A wooden cylinder is floating on water in a beaker which is placed in a lift. When the lift is at rest, `1//3` of the volume of wood is exposed above the water . The lift now moves up with an ac celeration equal to `g//2`. What is the fraction of the volume exposed now?

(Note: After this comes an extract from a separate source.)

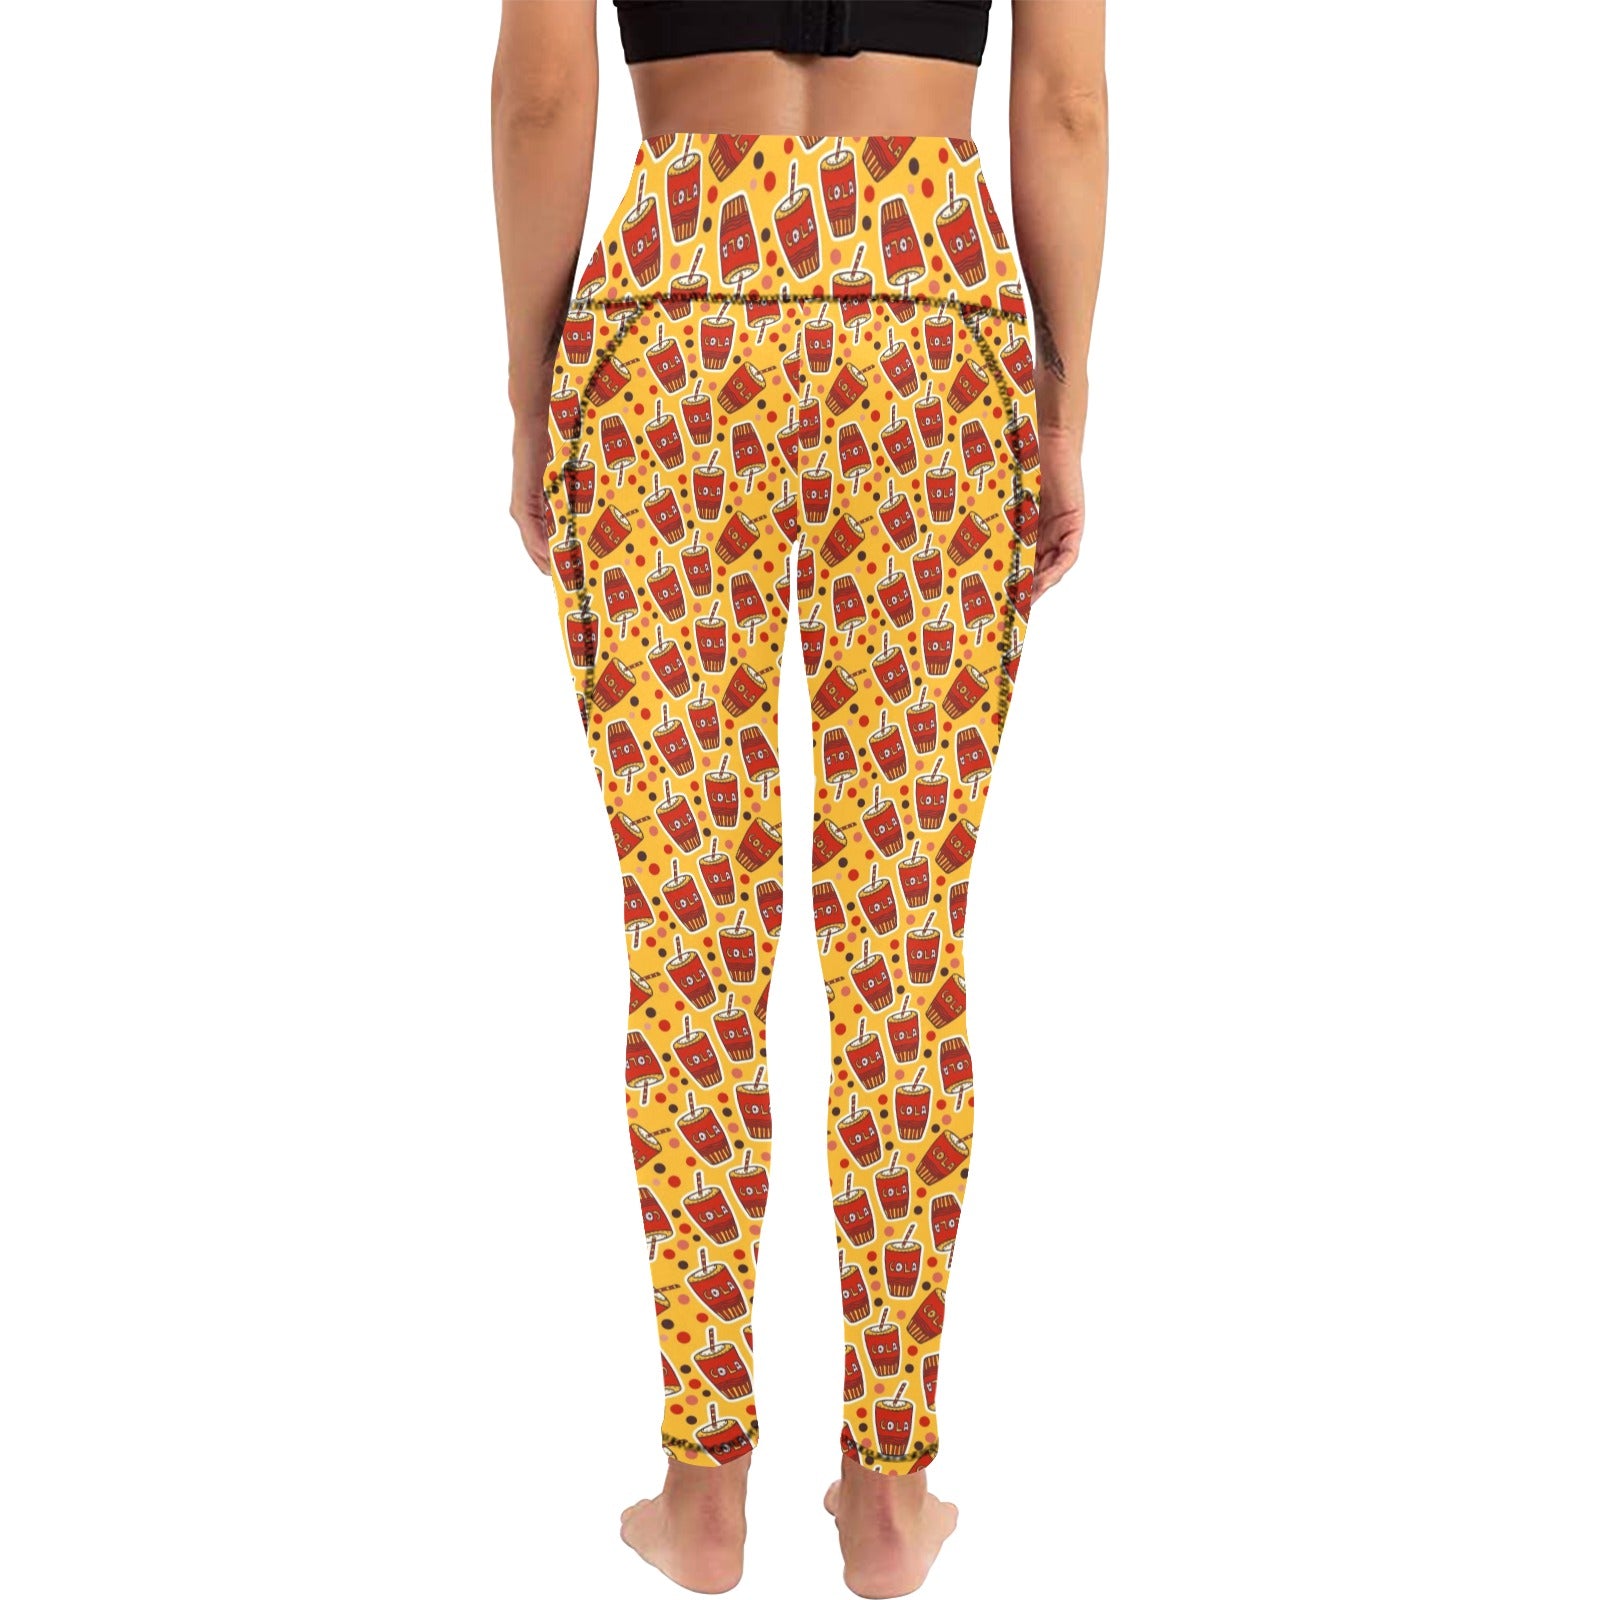 Cola - Women's Leggings with Pockets Women's Leggings with Pockets S - 2XL Food

Let `upsilon` be the volume of wooden cylinder outside the water when lift is at rest and V be the total volume of he wooden cylinder. Fraction of the floating volume = `(upsilon)/(V) = 1//3`. Let `rho and rho_(w)` be the density of wood and water respectively. when the lift is at rest and wood is floating in water, then
`(V- upsilon) rho_(w) g = V rho g or (V-upsilon) rho_(w) = V(rho)` ..(i)
When lift is moving upwards with ac celeration `g//2`, then effective ac celeration due to gravity, `g' = g+ g//2 = 3g//2`. If `upsilon'` is the volume of the wood outside the water white floating, then
`(V-upsilon') rho_(w) 3g//2 = V rho 3g//2 or (V- upsilon') rho_(w) = Vrho` ..(ii)
From (i) and (ii) , we note that ` upsilon =upsilon'`
`:. (upsilon')/(V) = (upsilon)/(V) = 1/3`
So, the new fraction of the volume exposed = old fraction of the volume exposed = `1//3`.